You might recall the one from the opening credits of the Watchmen film, emblazoned with "Miss Jupiter".
The American B-29 bomber had every right to call itself a ‘Superfortress’, since the contraption was a flying stronghold.
This was the largest aircraft inducted during World War II, a four-engine beauty flaunting a dozen 50-calibre M2 heavy machine guns mounted in five turrets, and one 20-millimetre cannon in its backside. All that was missing was a catapult.
While the plane’s length doesn’t ring so impressive - 99 feet, or just over 30 metres - the wingspan was 141 feet (43 metres) and it had an area of 1,736 square feet.
The bugger weighed in at 33,600 kilograms, prior to cramming in its particularly lethal payload.
The B-29 pushed the throttle to 357 miles per hour and it had a flight ceiling of 12 kilometres - making it practically immune to ground-based anti-aircraft fire and enemy fighter planes such as the Mitsubishi A6M Zero, which flew slower and lower.
I don’t know how you feel, but all these facts and figures bamboozle me.
In a nutshell, this was a huge thing that was well armed, flew higher and faster than anyone else, and carried a lot of bombs.
“The success of the development of the B-29 is an outstanding example of the technical leadership and resourcefulness which is the American way of doing things,” U.S. Major General Curtis LeMay wrote in the foreword to the airplane’s Combat Crew Manual, which also includes Disney-like cartoons and useful tidbits like what to do in case of snakebite.
The B-29 also acted as a high-flying postman, dropping propaganda leaflets that said things like “America is not fighting the Japanese people but is fighting the military clique which has enslaved the Japanese people,” alongside images of Japanese soldiers shoving civilians over a cliff.
There were also happy-snaps of Japanese cities with the shadow of a B-29 looming across.
Each Superfortress was crewed by eleven men, who typically tagged the forward fuselage with a kitsch painting of a half-naked pin-up girl, along with monikers like ‘Dauntless Dotty’, ‘Fertile Myrtle’ and ‘Jughound Jalopy’.
However, unlike its successor the B-52, the B-29 never inspired a hairdo.
Perhaps barbers remembered this was the same aircraft that did a fly-by in Hiroshima and Nagasaki, gifting each city respectively with atomic bombs named ‘Little Boy’ and ‘Fat Man’.
After hostilities ceased, the B-29 was reverse-engineered by the Soviets (from crash-landed aircraft that had been interned during the war) to create the Tupolev Tu-4, and the first aircraft to break the sound barrier, the rocket-powered Bell X-1 piloted by the legendary Chuck Yeager, was launched from the bomb bay of a modified B-29.

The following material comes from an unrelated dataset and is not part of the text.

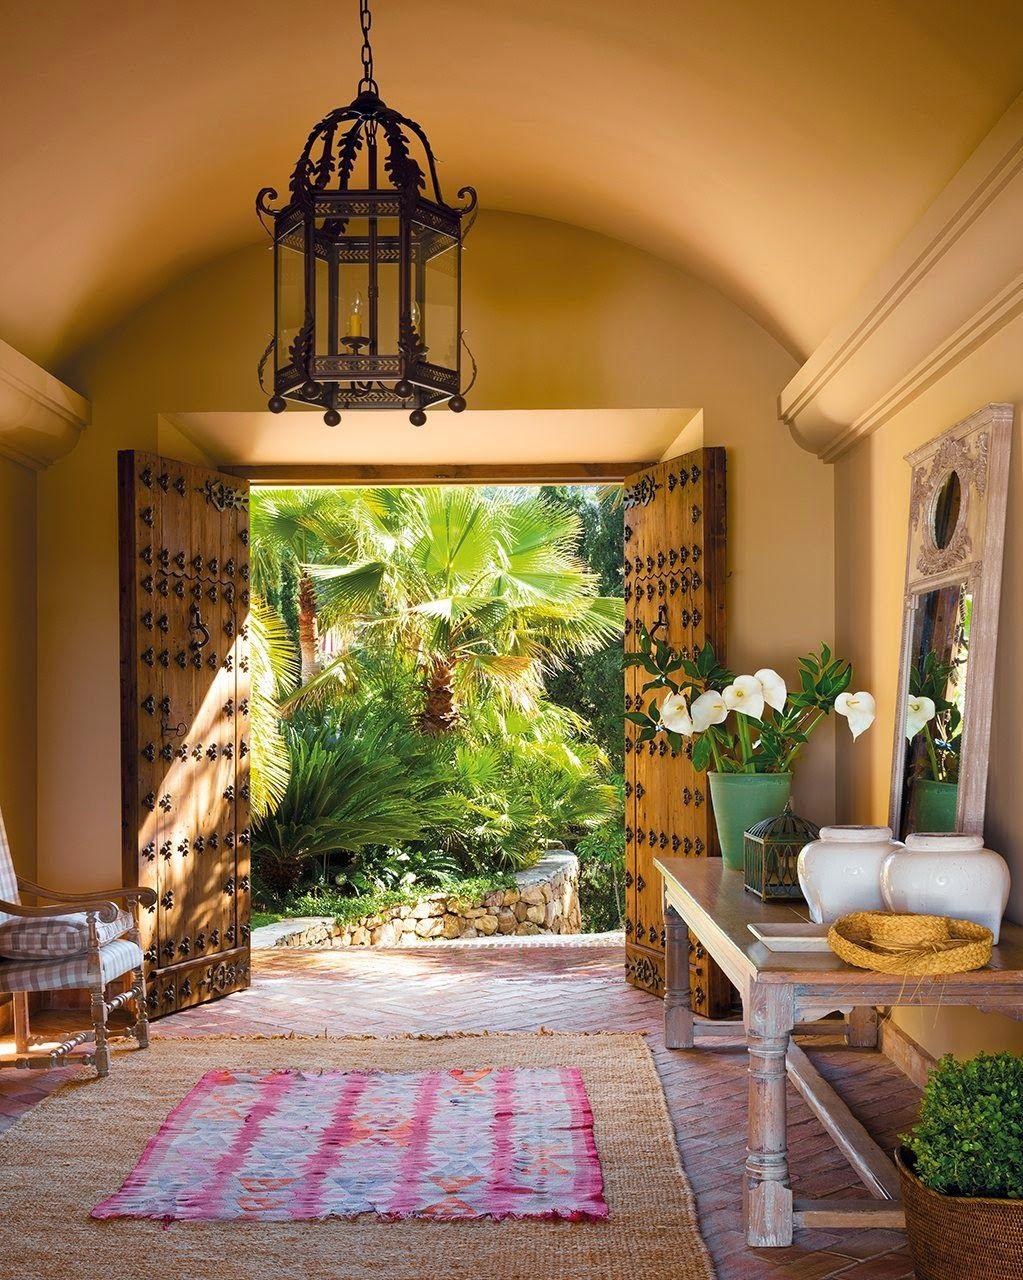 Blog de decoraci n dise o de interiores ideas for Puertas decorativas para interiores

The 334 B-29s that flew over Tokyo from the evening of March 9th through to the early hours of March 10th, 1945, were also a break from the mould.
For this lower-altitude raid, dubbed Operation Meetinghouse, they had much of their defensive armament removed so as to be able to carry more fuel and greater bomb loads.
“You're going to deliver the biggest firecracker the Japanese have ever seen,” U.S. Major General Curtis LeMay reportedly told his crews beforehand.
He was spot on.
They didn’t come together, like the Valkyrie swooping to select the dead on some Norse battlefield. The bombers came in waves of three planes every minute, 334 Superfortresses powered by 1,336 twin-row turbocharged radial pistol R-3350 Duplex-Cyclone engines (manufactured by a company originally founded by aviation pioneers Orville and Wilbur Wright).
They flew in staggered formation from as low as five thousand feet.
Tokyo’s residents, who had become accustomed to nightly visitations by the B-29s, paid little attention to the warning sirens.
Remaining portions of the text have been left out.